То же говорит и Горкин – а он все знает: покос – дело душевное, нельзя иначе, со спокон веку так; на травке поотдохнут – нагонят.
Ранним утром, солнце чуть над сараями, а у крыльца уже шарабан. Отец сбегает по лестнице, жуя на ходу калачик, прыгает на подножку, а тут и Горкин, чего-то ему надо.
– Что
– Да все, слава Богу, ничего. А вот хочу вот к Сергию преподобному сходить-помолиться, по обещанию… взад-назад.
Отец бьет вожжой Чалого и дергает на себя. Чалый взбрыкивает и крепко сечет по камню.
– Ты еще… с пустяками! Так вот тебе в самую горячку и приспичило? Помрешь – до Успенья погодишь?..
Отец замахивается вожжой – вот-вот укатит.
– Это не пустяки, к преподобному сходить-помолиться… – говорит Горкин с укоризной, выпрастывая запутавшийся в вожже хвост Чалому. – Теплую бы пору захватить. А с Успенья ночи холодные пойдут, дожжи… уж нескладно итить-то будет. Сколько вот годов все сбираюсь…
– А я тебя держу? Поезжай по машине, в два дня управишься. Сам понимаешь, время горячее, самые дела, а… как я тут без тебя? Да еще, не дай Бог, Косой запьянствует?..
– Господь милостив, не запьянствует… он к зиме больше прошибается. А всех делов, Сергей Иваныч, не переделаешь. И годы мои такие, и…
– А, помирать собрался?
– Помирать – не помирать, это уж Божья воля, а… как говорится – делов-то пуды, а она – туды!
– Как? Кто?.. куды – туды?.. – спрашивает отец, замахиваясь вожжой.
– Известно – кто. Она ждать не станет, – дела ли, не дела ли, – а все покончит.

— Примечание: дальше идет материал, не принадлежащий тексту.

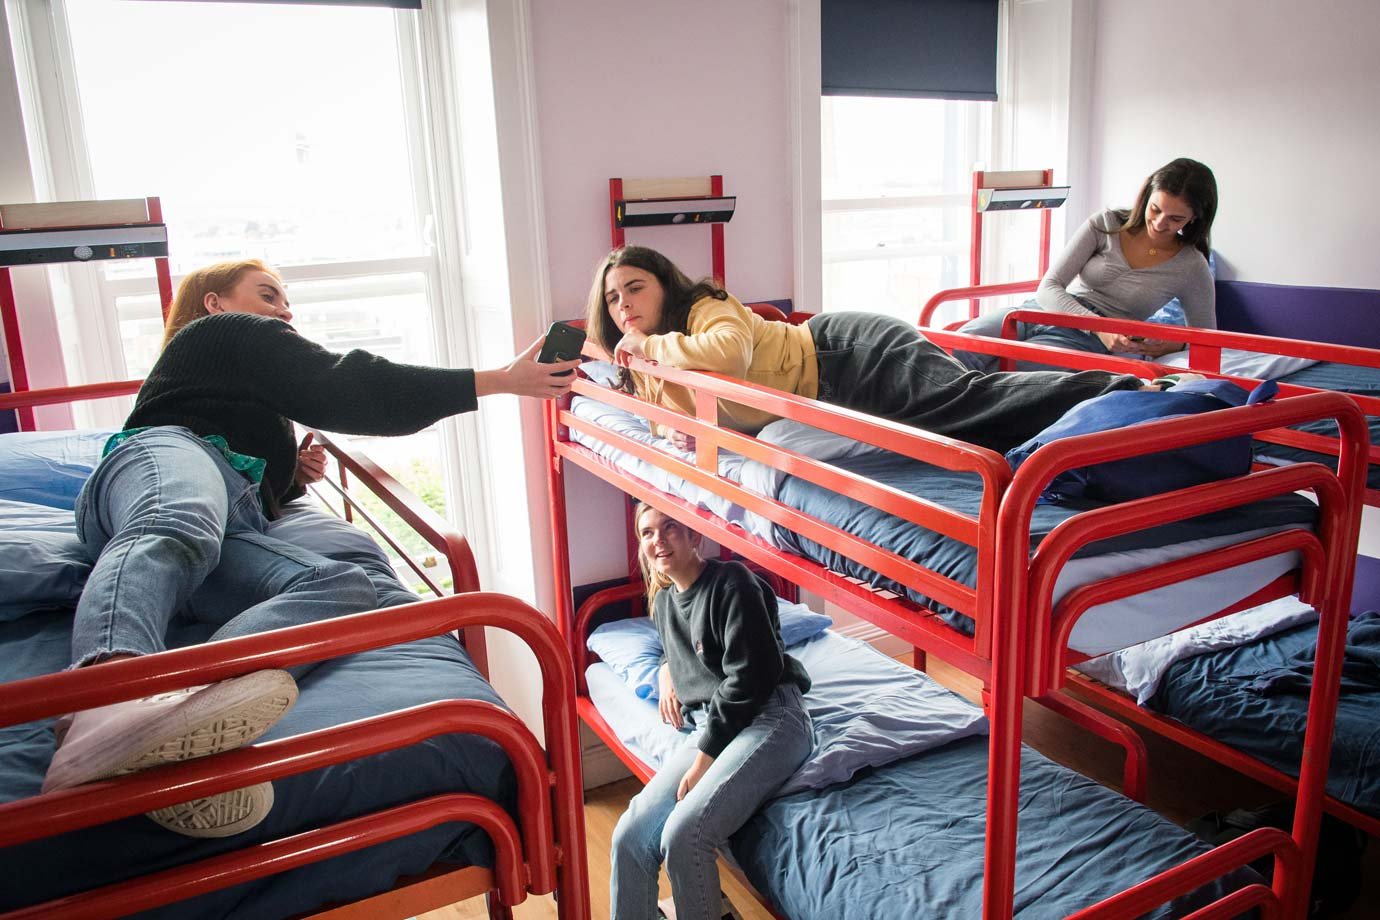 Break After the City Centre Exploration - Students in Red Bunk Beds - Hostel

Отец смотрит на Горкина, на распахнутые ворота, которые придерживает дворник, прикусывает усы.
– Чу-дак… – говорит он негромко, будто на Чалого, машет рукой чему-то и выезжает шагом на улицу.
Горкин идет расстроенный, кричит на меня в сердцах – «тебе говорю, отстань ты от меня, ради Христа!» Но я не могу отстать. Он идет под навес, где работают столяры, отшвыривает ногой стружку и чурбачки и опять кричит на меня – «ну, чего ты пристал?..» Кричит и на столяров чего-то и уходит к себе в каморку. Я бегу в тупичок к забору, где у него окошко, сажусь снаружи на облицовку и спрашиваю все то же: возьмет ли меня с собой. Он разбирается в сундучке, под крышкой которого наклеена картинка – «Троице-Сергиева лавра», лопнувшая по щелкам и полинявшая. Разбирается и ворчит:
– Не-эт, меня не удержите… к Серги-Троице я уйду, к преподобному… уйду. Все я да я… и без меня управитесь. И Ондрюшка меня заступит, и Степан справится… по филёнкам-то приглядеть, велико дело! А по подрядам сновать – прошла моя пора. Косой не запьянствует, нечего бояться… коли дал мне слово-зарок – из уважения соблюдет. Как раз самая пора, теплынь, народу теперь по всем дорогам… Не-эт, меня не удержите.
– А меня-то… обещался ты, а?.. – спрашиваю я его и чувствую горько-горько, что меня-то уж ни за что не пустят. – А меня-то, пустят меня с тобой, а?..
Он даже и не глядит на меня, все разбирается.
– Пустят тебя, не пустят… – это не мое дело, а я все равно уйду. Не-эт, не удержите… всех, брат, делов не переделаешь, не-эт… им и конца не будет. Пять годов, как Мартына схоронили, все сбираюсь, сбираюсь… Царица Небесная как меня сохранила, – показывает Горкин на темную иконку, которую я знаю, – я к Иверской сорок раз сходить пообещался, и то не доходил, осьмнадцать ходов за мной. И преподобному тогда пообещался. Меня тогда и Мартын просил-помирал, на Пасхе как раз пять годов вышло вот: «помолись за меня, Миша… сходи к преподобному». Сам так и не собрался, помер. А тоже обещался, за грех…
– А за какой
Он вынимает из сундучка рубаху, полотенце, холщовые портянки, большой привязной мешок, заплечный.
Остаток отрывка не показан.